Le mal socialisé
En ce début du XXIème siècle, l'adjectif systémique, souvent associé au mot racisme, suscite bien des controverses. Dans cette réflexion, qui remonte à 1930, Gustave Thibon appelait erreur généralisée ce qu'on appelle aujourd'hui erreur systémique.
L’erreur individuelle, consciente, morale, est infiniment moins dangereuse que l’erreur généralisée, fondue, diluée, inconsciente, passée incognito dans les institutions, les coutumes, le climat. La plupart des aberrations morales conservent quelque chose d’accidentel, de curable, de révocable, tant qu’elles n’ont pas gâté le milieu humain. Mais quand l’âme de la Cité même est malade, l’individu est menacé, non plus seulement dans les parties supérieures de son être, mais dans son existence immédiate, dans son socle vital. Le « péché » devient proprement catastrophique quand il cesse d'être péché', quand il ne procède plus d’un choix individuel et délibéré mais d’une conscience collective corrompue. Alors, il ne se borne plus à dégrader l’homme, il le détruit.

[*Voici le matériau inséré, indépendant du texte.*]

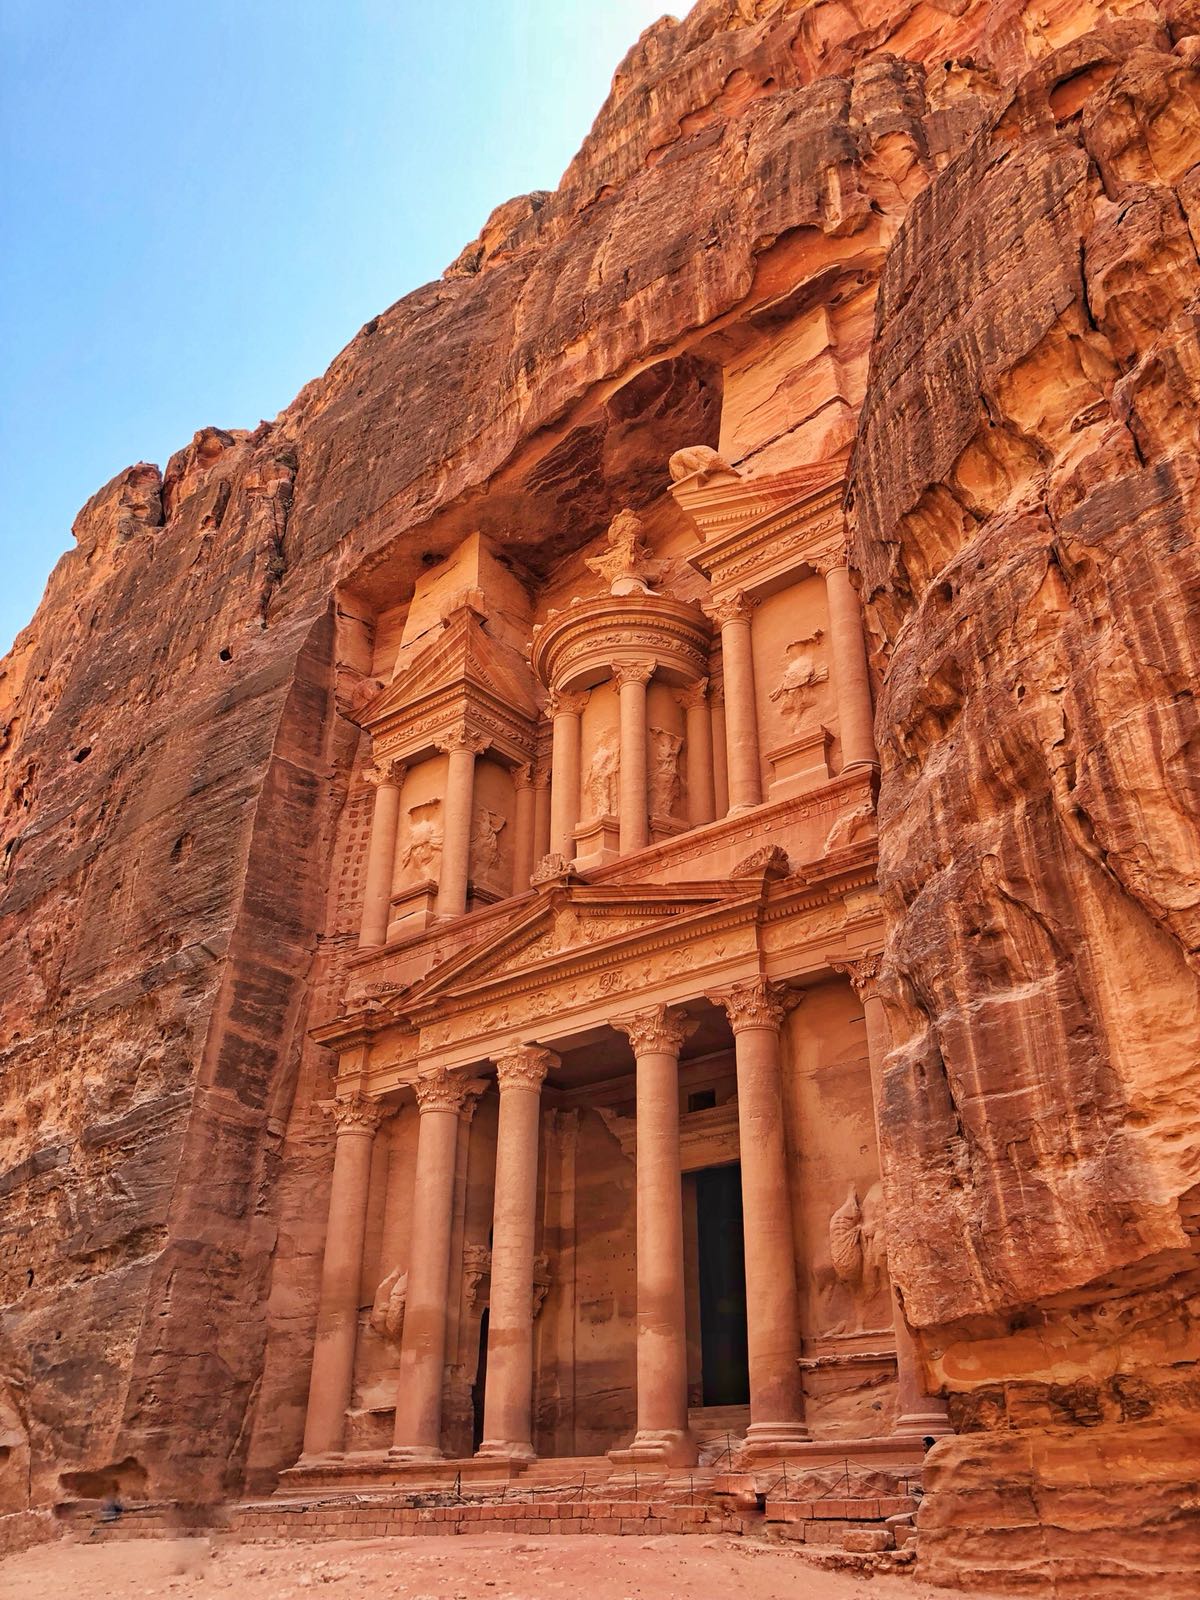 Petra, the Treasury
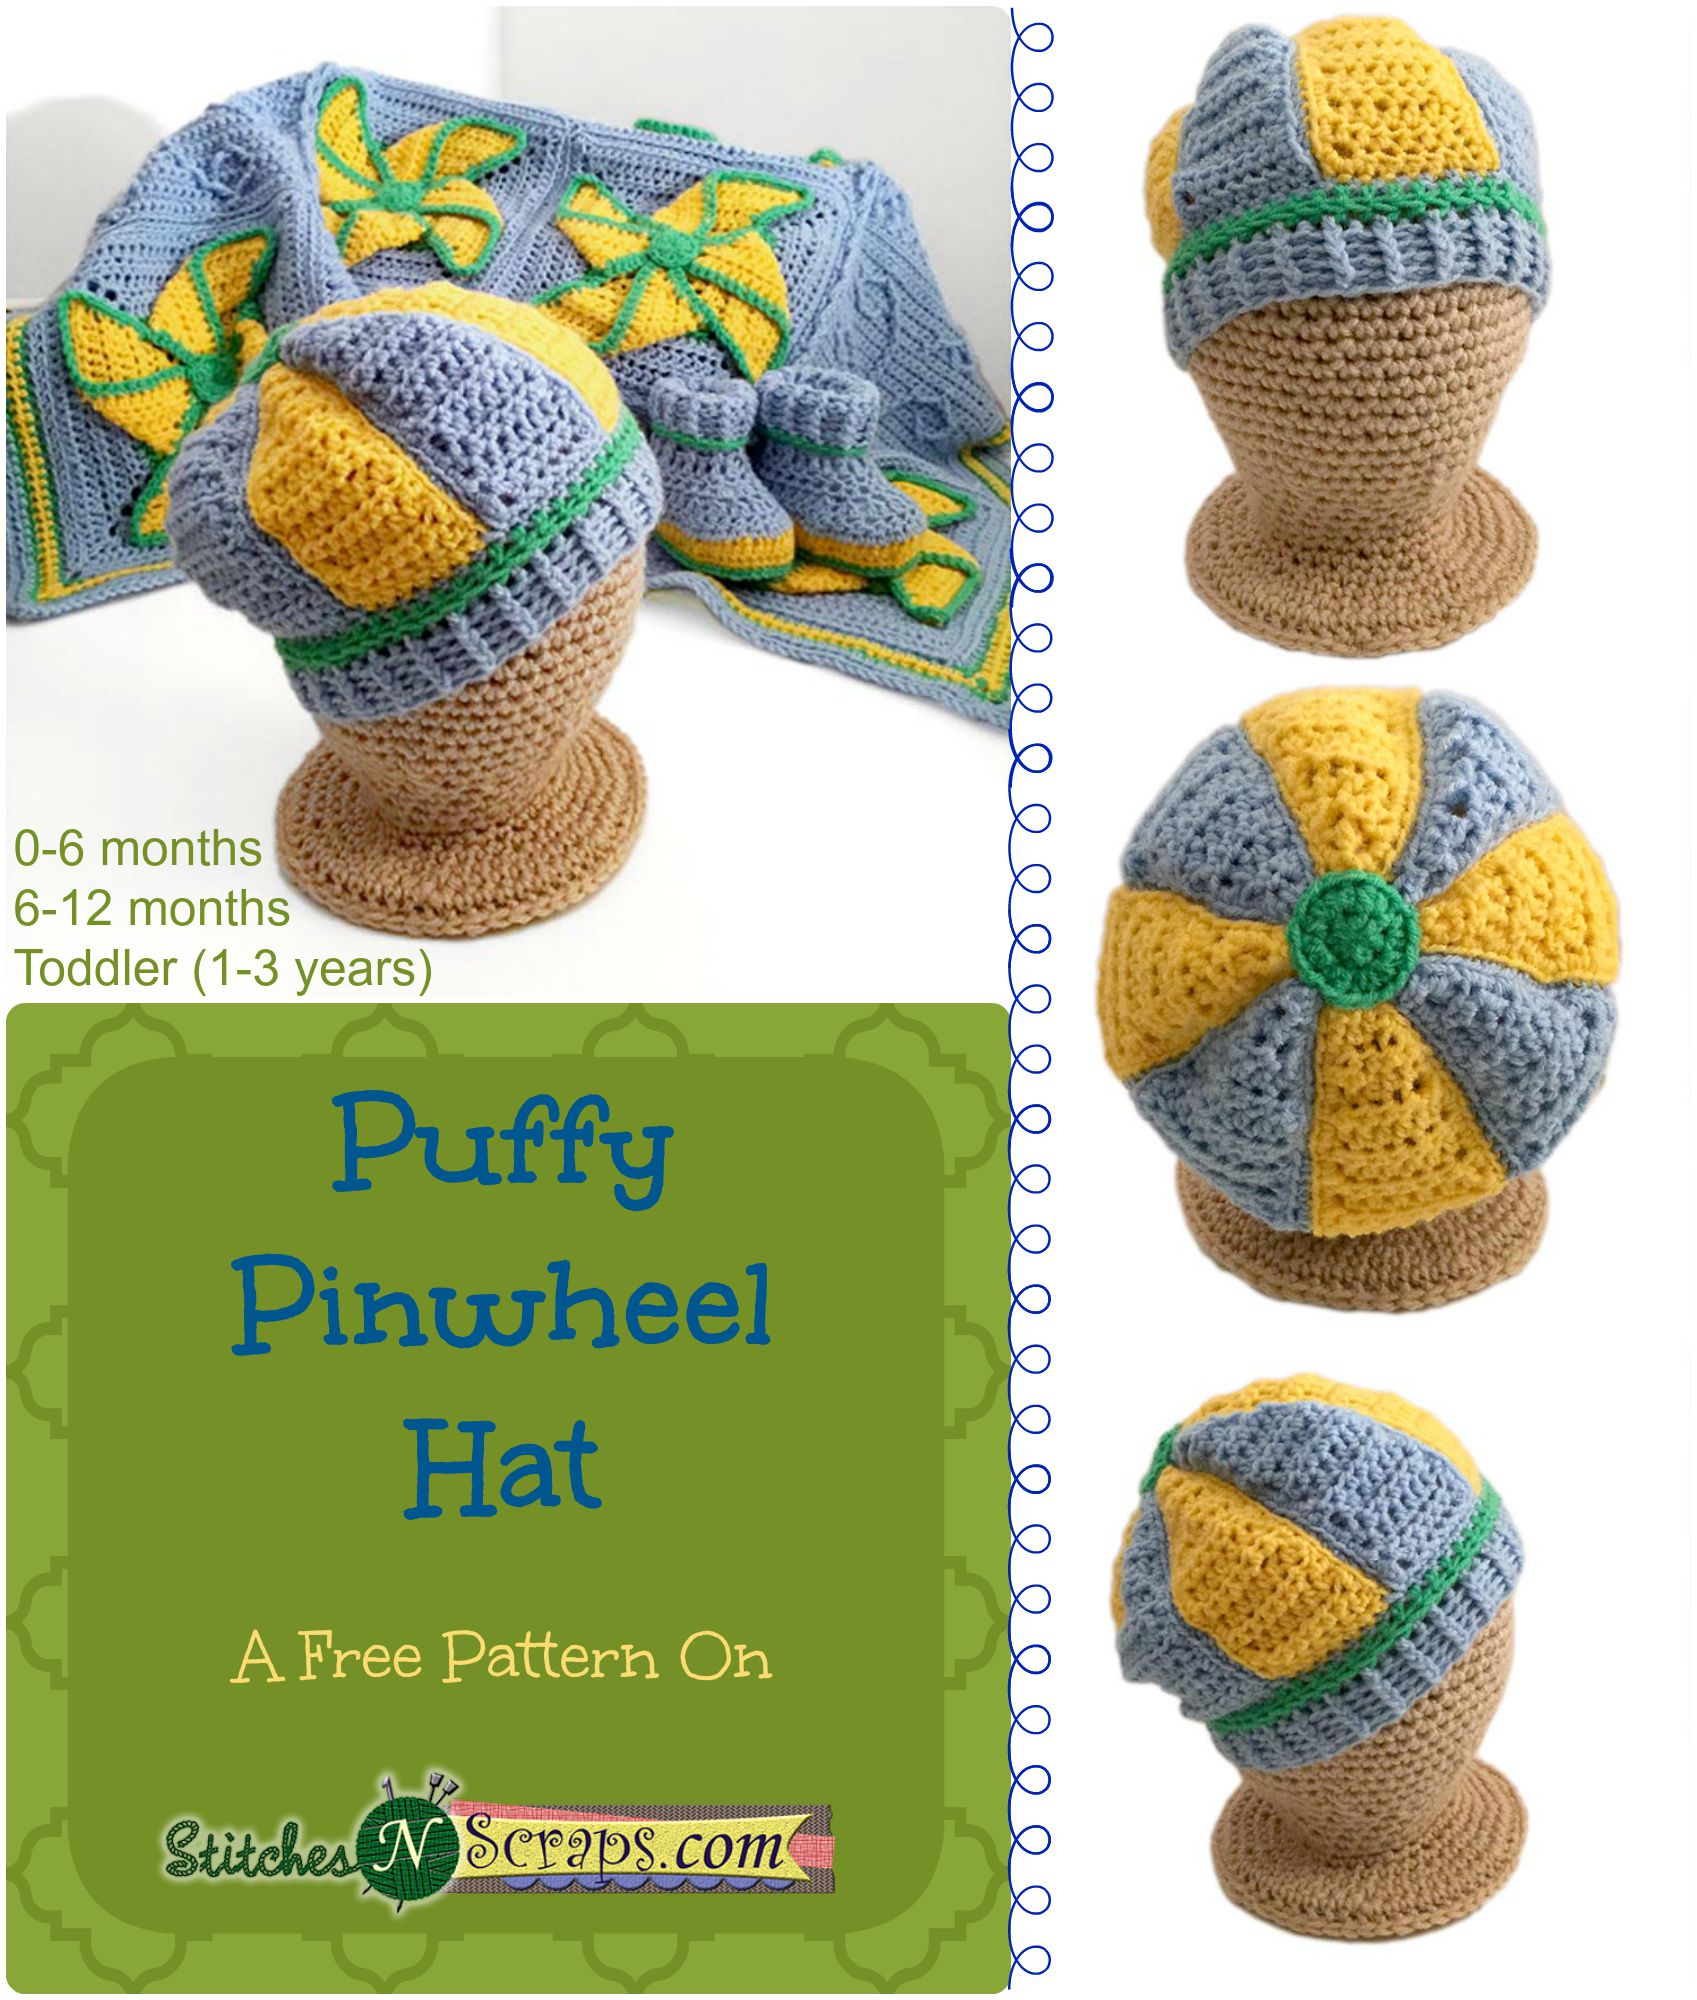 Puffy Pinwheel Hat image collage

Ce mal socialisé, qui échappe (de toute l’étendue de ses infiltrations dans la vie et la nécessité) à la juridiction de l’esprit et de la morale, comment ne voit-on pas qu’il est absurde de vouloir le traiter uniquement sur le plan spirituel et moral ? On méconnaît trop l’importance directe, pressante, tragique de certaines circonstances matérielles dont l’absence entraîne fatalement la ruine des plus hautes possibilités humaines. On se comporte comme des Amants de Venise qui attendraient de leurs seules conversations sidérales la conception d’une postérité ! Pour l’homme du xxe siècle, saturé de superfluités, de vanités et «d’idéals», les problèmes d’ornementation de l’existence suffisent à effacer le problème de l’existence. (Parodies et mirages, Éd. du Rocher, 2011, p.21)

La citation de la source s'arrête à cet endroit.